Round Up of Major Breaches and Scams
Workplace pension provider NOW: Pensions has emailed its near 1.7 million UK customers to warn about a data leakage caused by contractor error. The email, seen by this publication, claims a service provider “unintentionally” posted user data to an unnamed “public software forum”. These records include biographical data (names, email addresses, and dates of birth) as well as National Insurance numbers. According to the pension provider, the data was obtained by “a small number” of third parties.
Law enforcement agencies from the US, Germany, France, Switzerland, and the Netherlands have seized this week the web domains and server infrastructure of three VPN services that provided a safe haven for cybercriminals to attack their victims. The services have been active for more than a decade, are believed to be operated by the same individual/group, and have been heavily advertised on both Russian and English-speaking underground cybercrime forums, where they were sold for prices ranging from $1.3/day to $190/year.

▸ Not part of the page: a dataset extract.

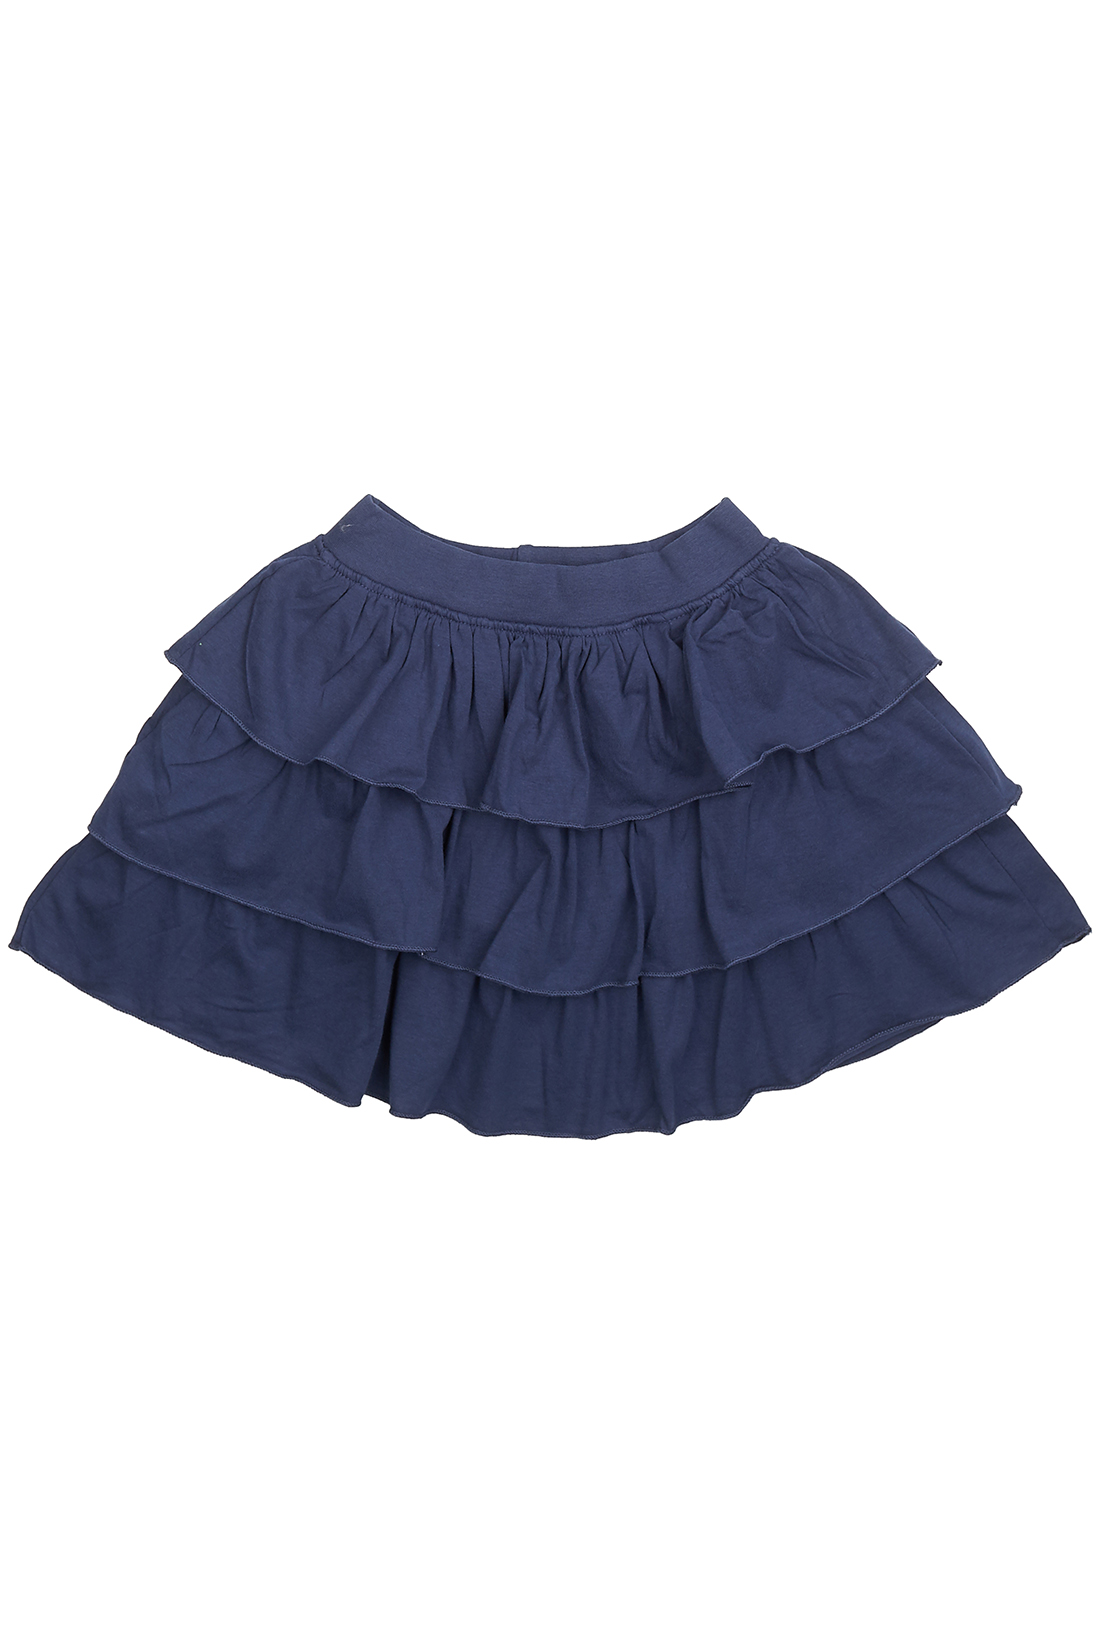 Юбка для девочки (арт. baon BK478004), размер 98-104, цвет синий Юбка для девочки (арт. baon BK478004) - фото 4

Hackers broke into systems used by top US Treasury officials during a massive cyberattack on government agencies and may have stolen essential encryption keys, a senior lawmaker said Monday. Senator Ron Wyden, who sits on both the Senate Intelligence and Finance Committees, said after a closed-door briefing that the hack at the US Treasury Department “appears to be significant.”

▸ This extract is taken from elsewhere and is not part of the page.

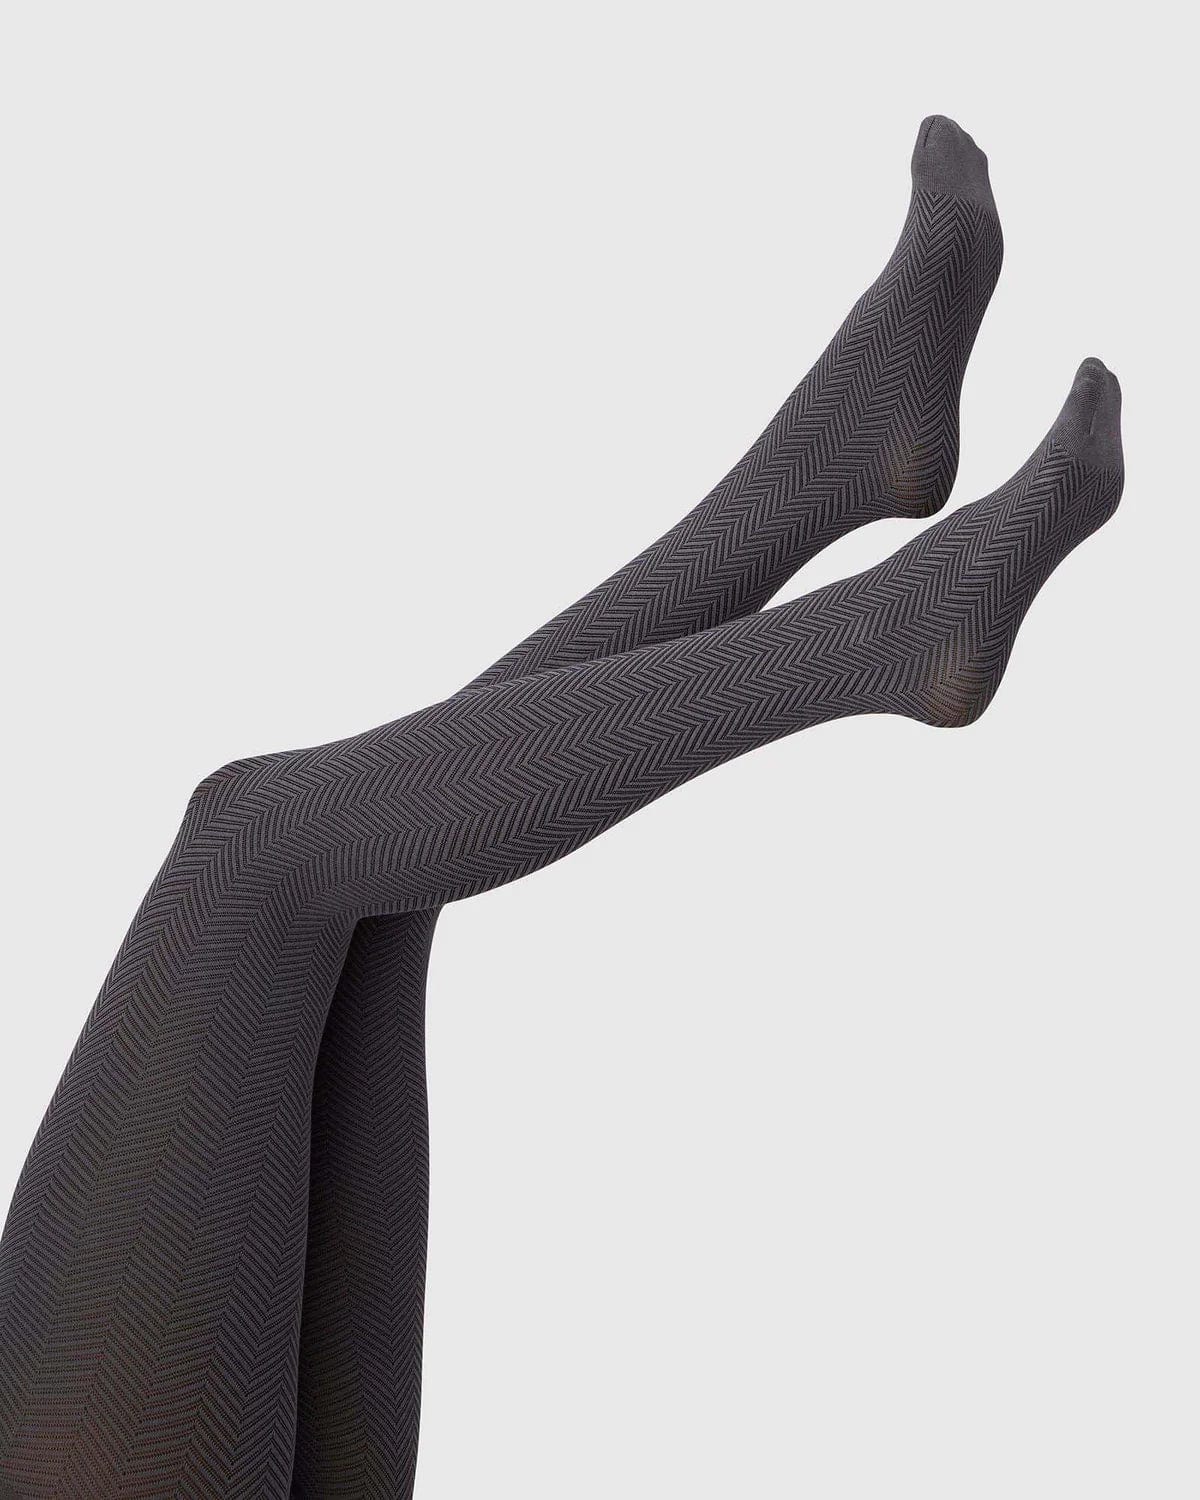 Hedda Chevron Tights Socks Swedish Stockings

Round Up of Major Malware and Ransomware Incidents
The blockchain domains of Joker’s Stash, a popular underground marketplace for stolen payment card data, have been seized by law enforcement. On December 17, the shop’s website displayed an image claiming that the U.S. Federal Bureau of Investigation and Interpol had seized it. Joker’s Stash is an automated vending cart (AVC) that had several versions of the site up and running, including blockchain domains .bazar, .lib, .emc, and coin, and two Tor (.onion) domains. The takedown attempt, Digital Shadows reports, only resulted in the .bazar domain becoming unavailable.
Microsoft, Google, Cisco and a host of other tech giants have added their names to a legal filing supporting Facebook’s case against controversial spyware developer NSO Group. The social network took the Israeli firm to court after alleging that the latter exploited a vulnerability in WhatsApp which helped its clients spy on over 1400 users globally. It’s believed that the bug or similar ones may also have been used to help Saudi Arabian officials spy on murdered journalist Jamal Khashoggi and his former boss, Jeff Bezos.
Round Up of Major Vulnerabilities and Patches
Security updates available for the Treck TCP/IP stack address two critical vulnerabilities leading to remote code execution or denial-of-service. The U.S. Cybersecurity and Infrastructure Security Agency (CISA) has issued an advisory to warn organizations using industrial control systems (ICS) about the risks posed by these flaws. A low-level TCP/IP software library, the Treck TCP/IP stack is specifically designed for embedded systems, featuring small critical sections and a small code footprint.
Noted Apple security expert Patrick Wardle discusses how cybercriminals are stepping up their game in targeting Apple users with new techniques and cyberattacks. A recently uncovered zer0-click Apple zero-day flaw, used in a spyware campaign against Al Jazeera journalists, shed light this week on the impact of Apple security issues being abused by bad actors. In 2020, the security research community saw an array of “powerful” Apple bugs afflicting iOS, iPhone and more.